Tuesday, July 20, 2010

Why Can’t Monopoly Money Be Real?

In my house we have frequent family game nights. This is an opportunity for the entire family to sit down together and enjoy sibling rivalry, er, family bonding. I always think about how great it would be if the paper game money were real. I don't think I would know what to do. Roll around in it? Try to spend as much as possible (think Richard Pryor in Brewster's Millions)? Realistically, I realize money doesn't solve everything. Our current administration begs to differ.

President Obama has spent a lot of time in the past two weeks…wait, his entire Presidency…blaming the economic problems on the GOP, or former President Bush, depending on the speech and the end goal expected. While I agree certain aspects of the problems in our country can be laid at the feet of W, not everything falls in this category. But the blame game is quite popular these days, just in select locations. Did you see the latest approval ratings to come out of the capital? 85%. I am caught between disbelief and laughter. Either the poll was small, think 100 people, or there is a lot of imbibing in the big city. Then again, the most recent poll of Arizona puts the President's approval at a teensy 28%, so I guess it must be true. I mean, come on, those Arizonans are pretty pissed off at the government and have no reason to tell anything but the whole truth on a poll, right? But I digress.

The economic woes of the United States are going to be here for a while. I have a hard time believing anything coming from this administration, but particularly feel cheated and lied to about the current economic status of our country. Before anyone starts the blame game, or the defense of the Chosen One, read this link: http://blog.heritage.org/2009/03/24/bush-deficit-vs-obama-deficit-in-pictures/. See the pretty pictures of the deficit during W and after? President Obama predicts the deficit to be cut in half by 2013. HOW? How will this be possible? This is a pretty bold claim from an administration who claims the massive stimulus bill passed 17 months ago actually did its job. Of course it did. How else would the country be graced with the presence of so many new roadways being named after Obama? Obama and his ego probably had that provision written into the fine print of the bill.
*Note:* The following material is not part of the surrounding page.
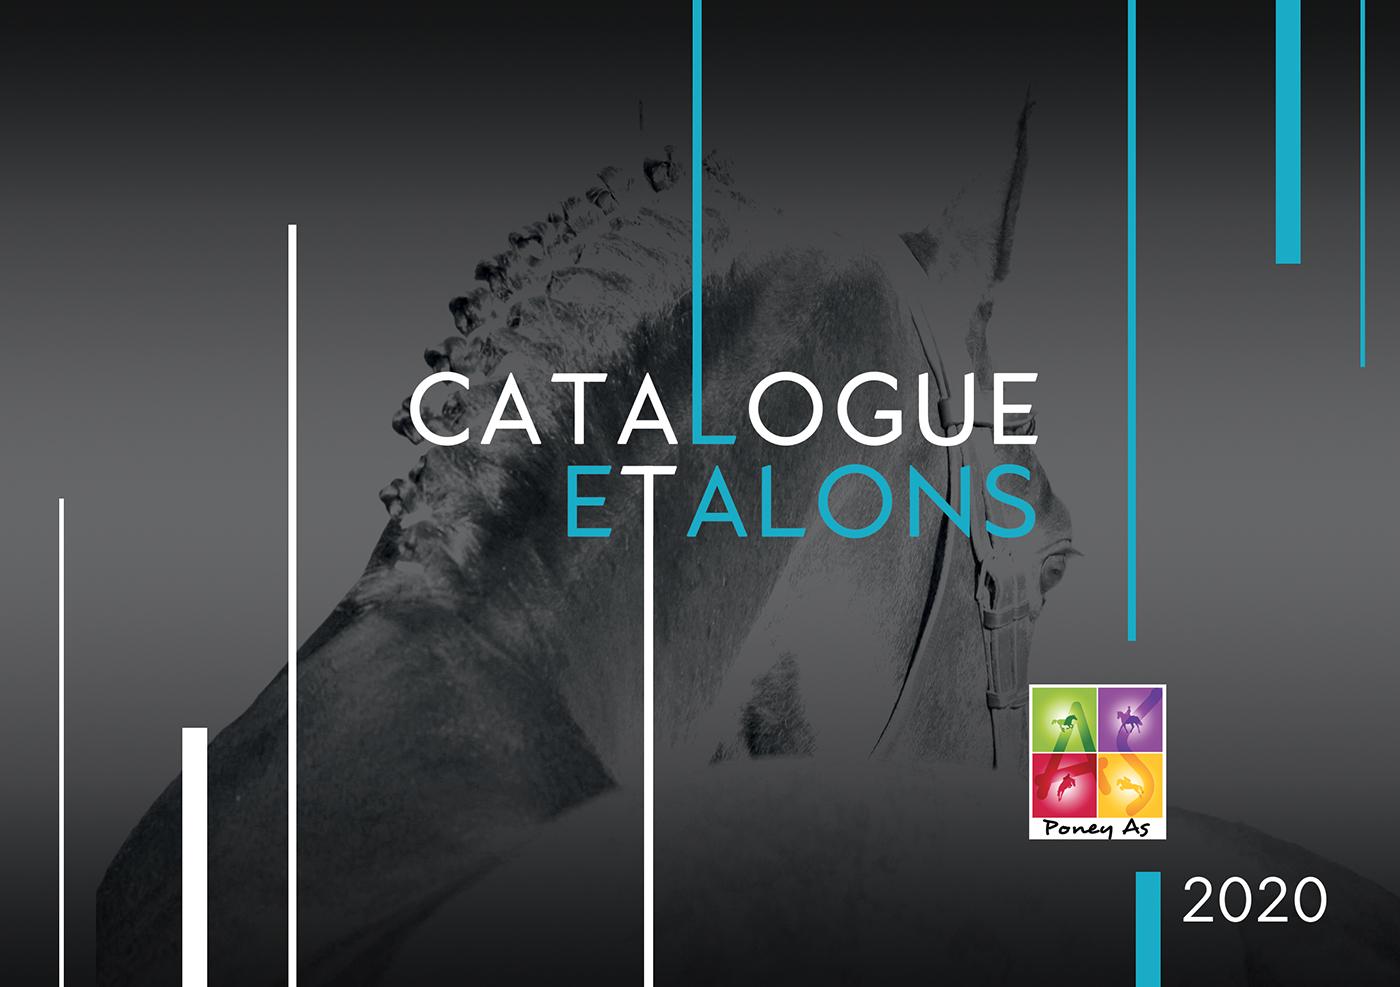 Couv Catalogue Etalons 2020
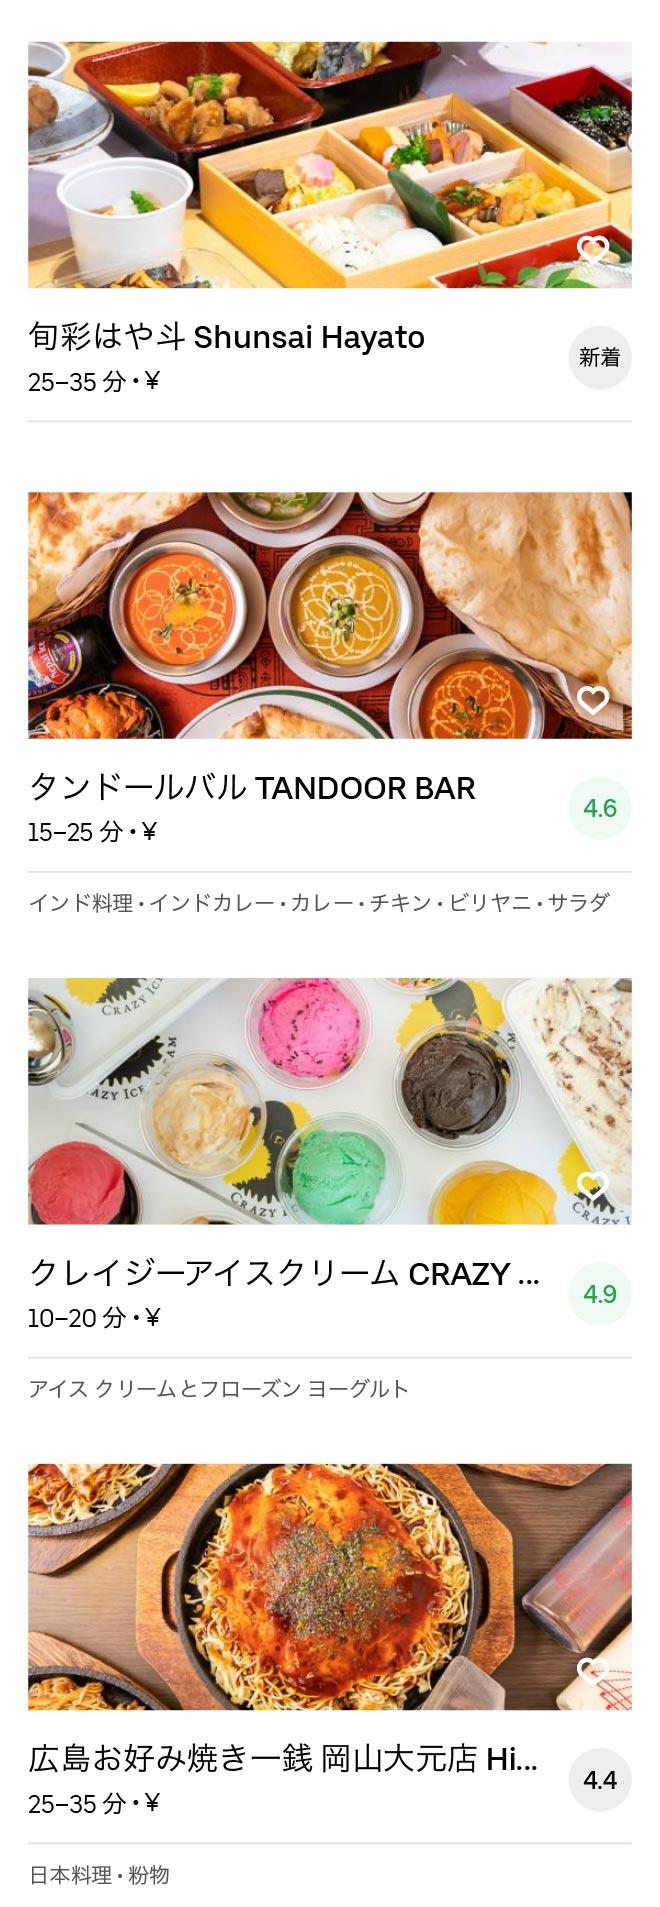 Okayama menu 2007 11

Unemployment remains high. The numbers "have improved." What a great turn of phrase. I consider improvement that requires a pat on the back to be larger than +/- .2 percent. Of course, in the society we live in, where even the biggest failures receive a ribbon for "participating," this is not shocking. Americans live to praise the mediocre. How else do people get elected with no business being in an elected position? On a related side note, one of the first places to begin repairing this rift would be in our nation's education system: primary, secondary and at institutions of higher learning. Case in point for the academy: the student who felt deserving of an "A" simply by attending every class, regardless of test score. Not to mention, the academy is where the liberal minions are trained and brainwashed. We need to spend less time appreciating failure and more time focusing on results. And I am not convinced this administration is "results" oriented. I am also not convinced this administration will be around to see any long term results. "I would rather be a great one term President than…." You get the picture.

Now we have the passage of the financial reform bill. According to a July 15, 2010 article from The New York Times, the bill "reasserts the importance of federal supervision of financial transactions." You can read the full article here: http://www.nytimes.com/2010/07/16/business/16regulate.html?_r=1. The question I have is this: who is in charge of supervising the federal government's financial transactions? Answer: TAXPAYING AMERICANS. Remember, this only includes 53% of us. The other 47% doesn't get a say. In fact, I think that until the federal government magically does away with taxes (which will never, ever happen), then those who don't pay shouldn't get to vote these kinds of administrations into office in the first place.

The federal government's partial solution to the economic crisis was to print more money. It's that easy. Credit card companies found ways around the 2009 Credit Card Reform Act. Ask me about my current opinion of Capital One's "new policies." It is not a far stretch of the imagination to think financial institutions can't find a way to skirt the new rules of Big Brother. Just like kids find a way to secretly hold all that play money, it can and will happen.